◆ **Required action**
In the entries below, begin at the line with "Sự mộc mạc và" and stop after the line with "Gucci Embroidered Tweed"; output those lines exactly and omit the pictures.

◆ **Data excerpts**

-- -- --

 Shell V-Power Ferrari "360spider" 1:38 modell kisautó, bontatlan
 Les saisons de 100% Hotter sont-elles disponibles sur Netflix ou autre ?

-- -- --

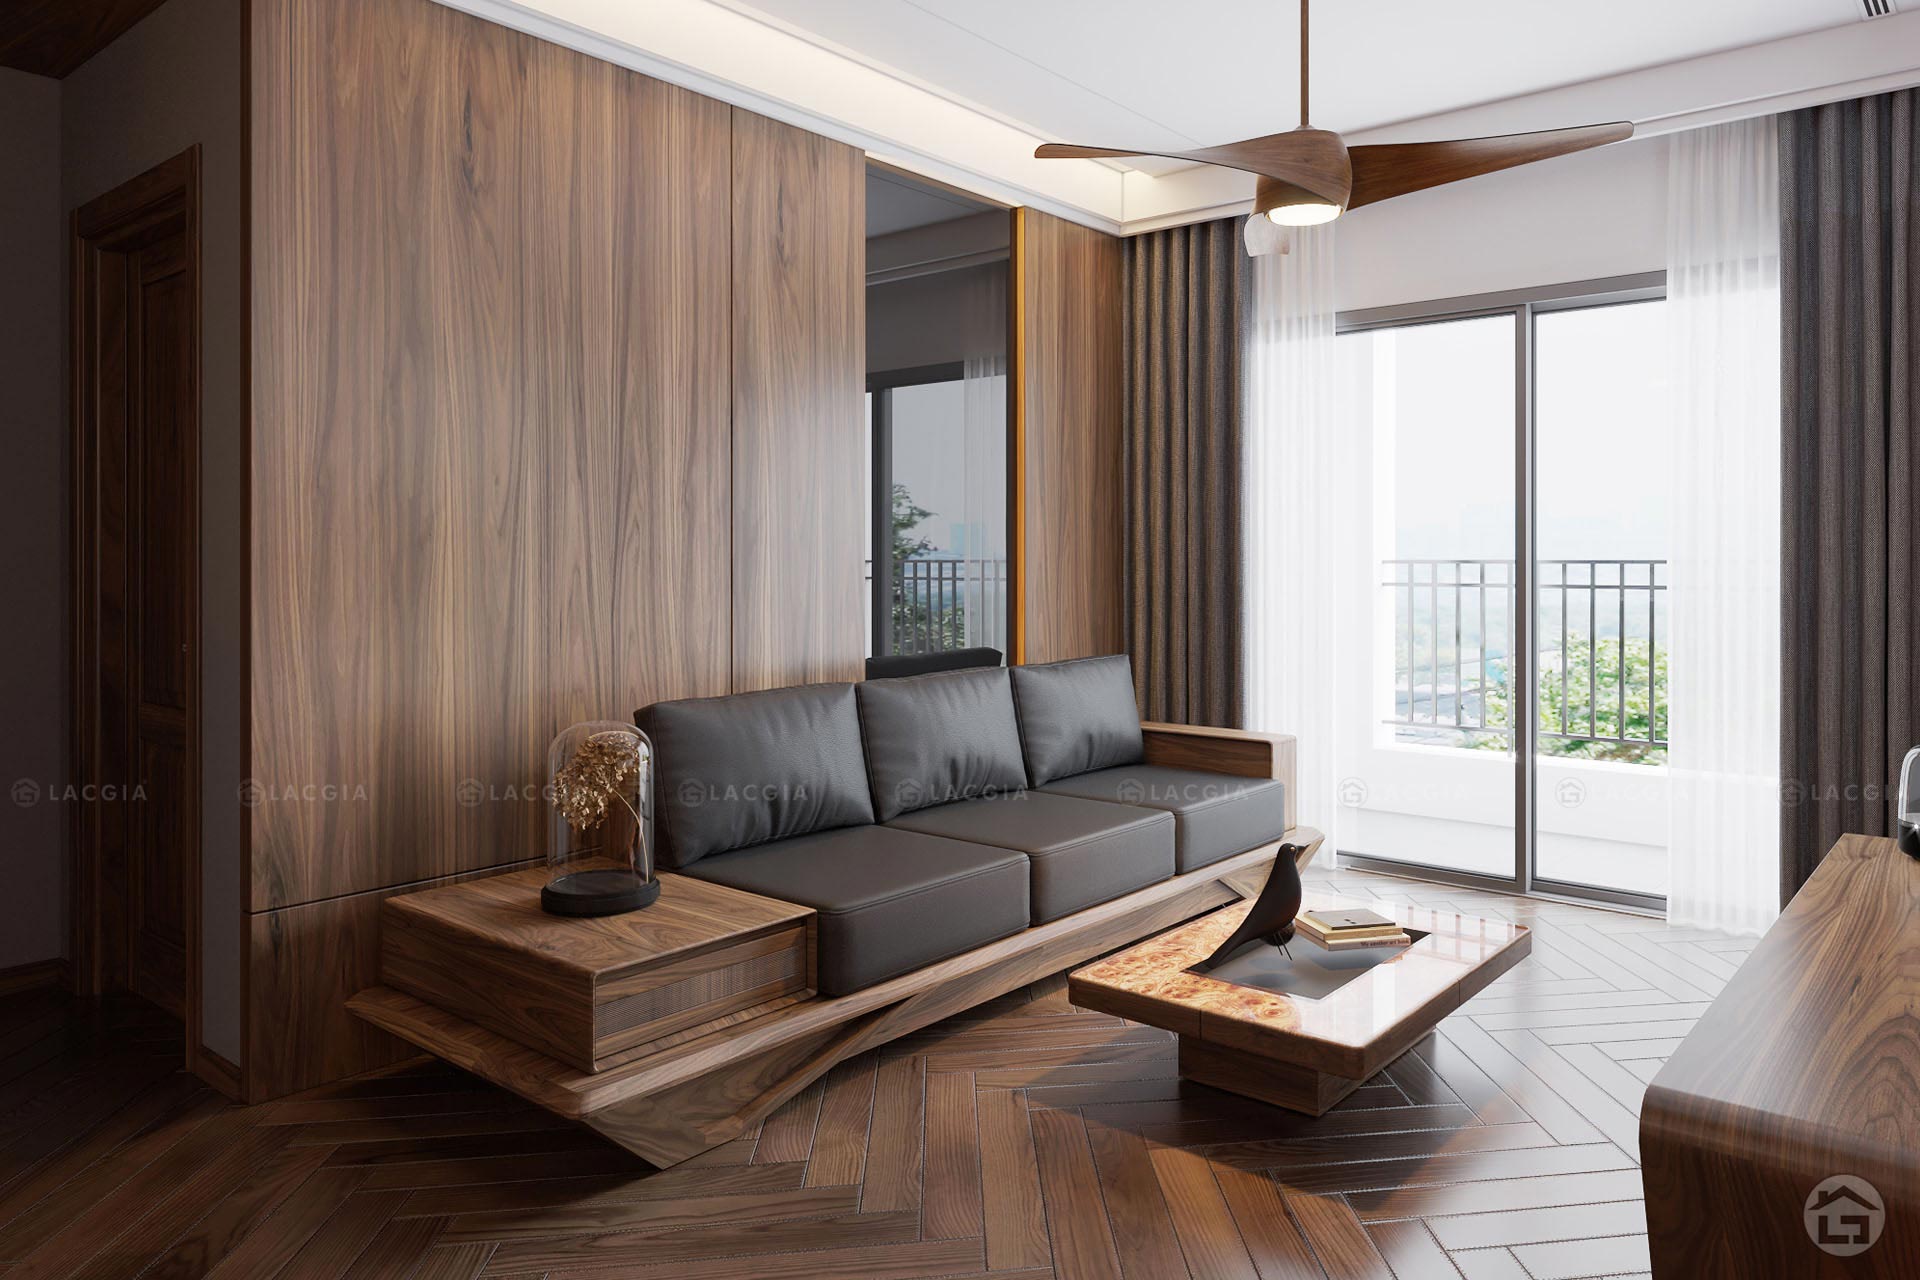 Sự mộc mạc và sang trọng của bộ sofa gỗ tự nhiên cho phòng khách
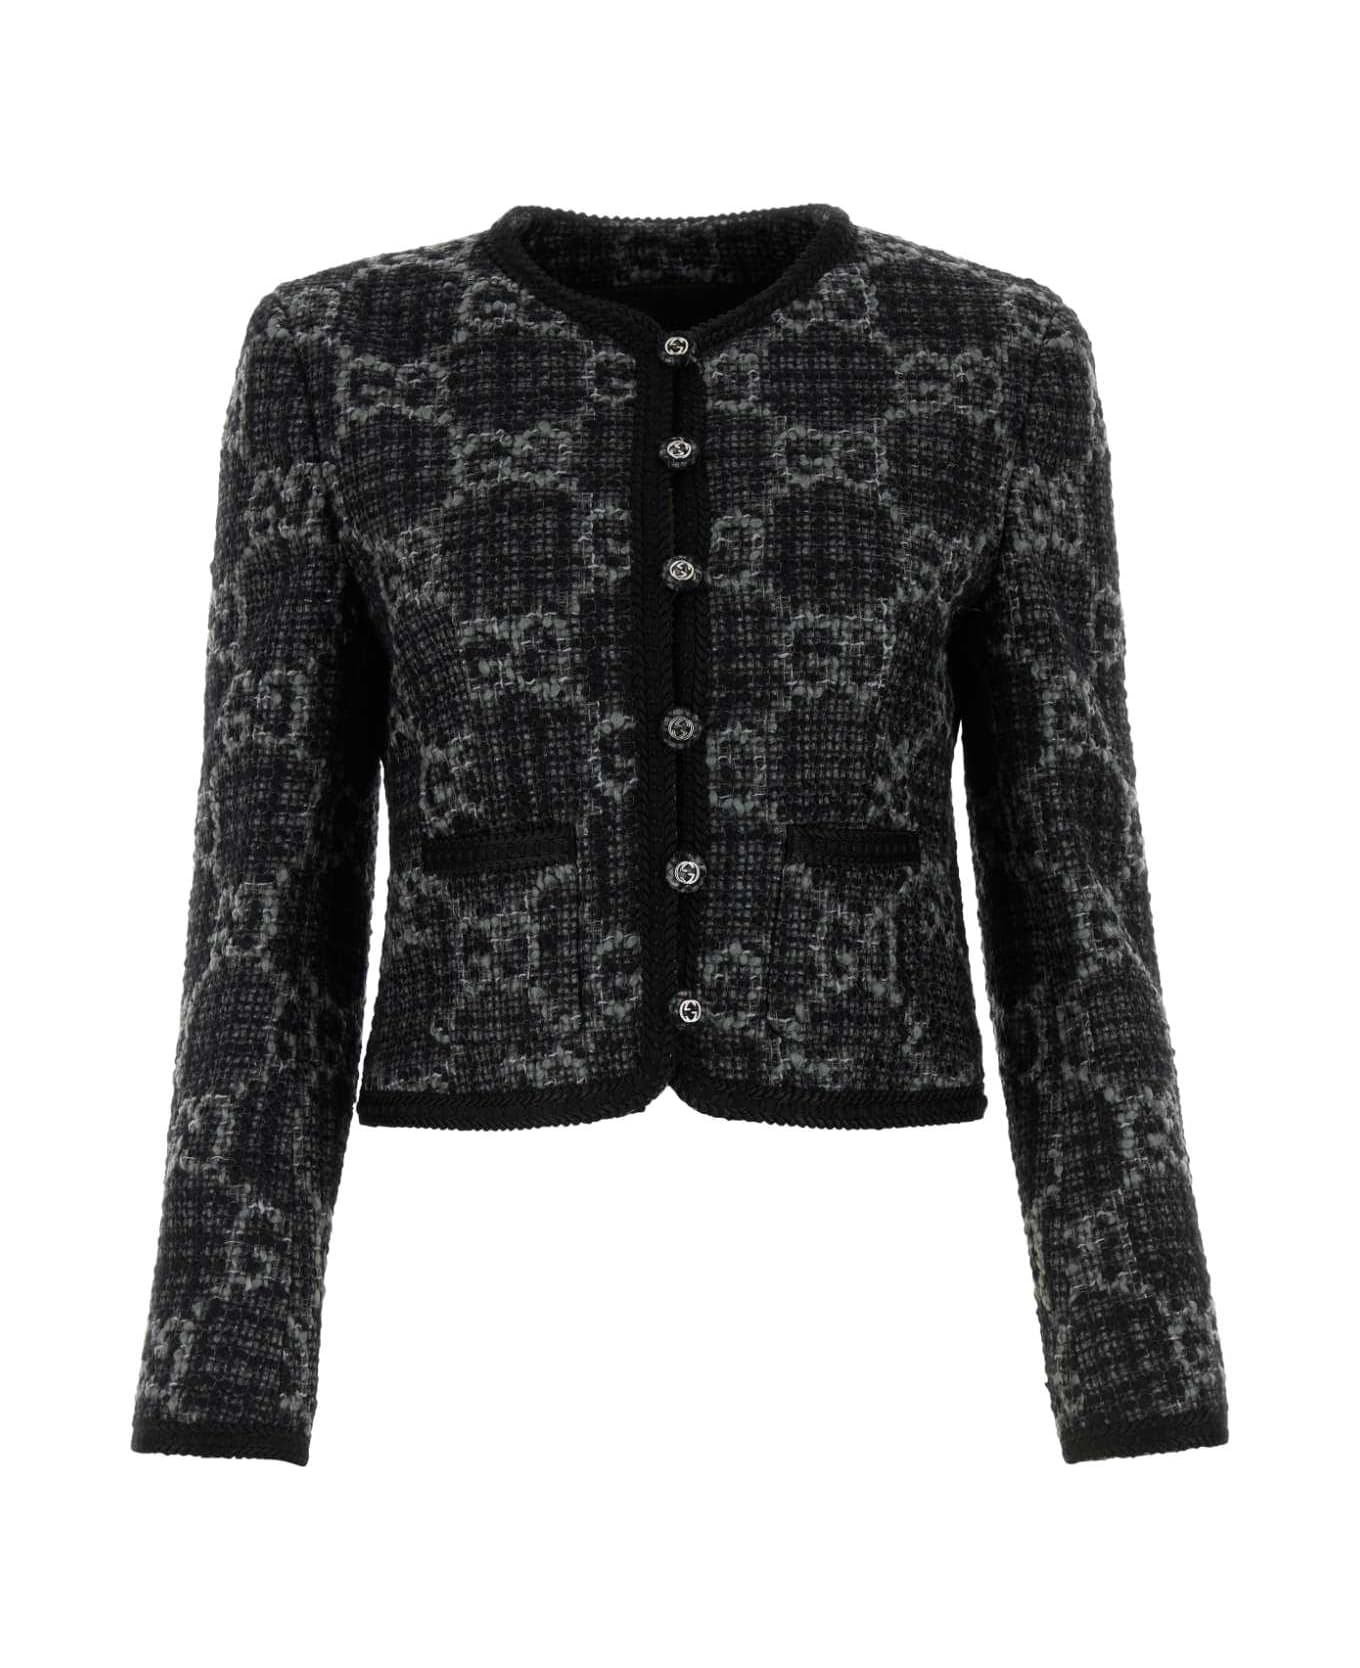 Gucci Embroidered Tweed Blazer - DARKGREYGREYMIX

-- -- --

◆ **Output of the exercise**
 Sự mộc mạc và sang trọng của bộ sofa gỗ tự nhiên cho phòng khách
 Gucci Embroidered Tweed Blazer - DARKGREYGREYMIX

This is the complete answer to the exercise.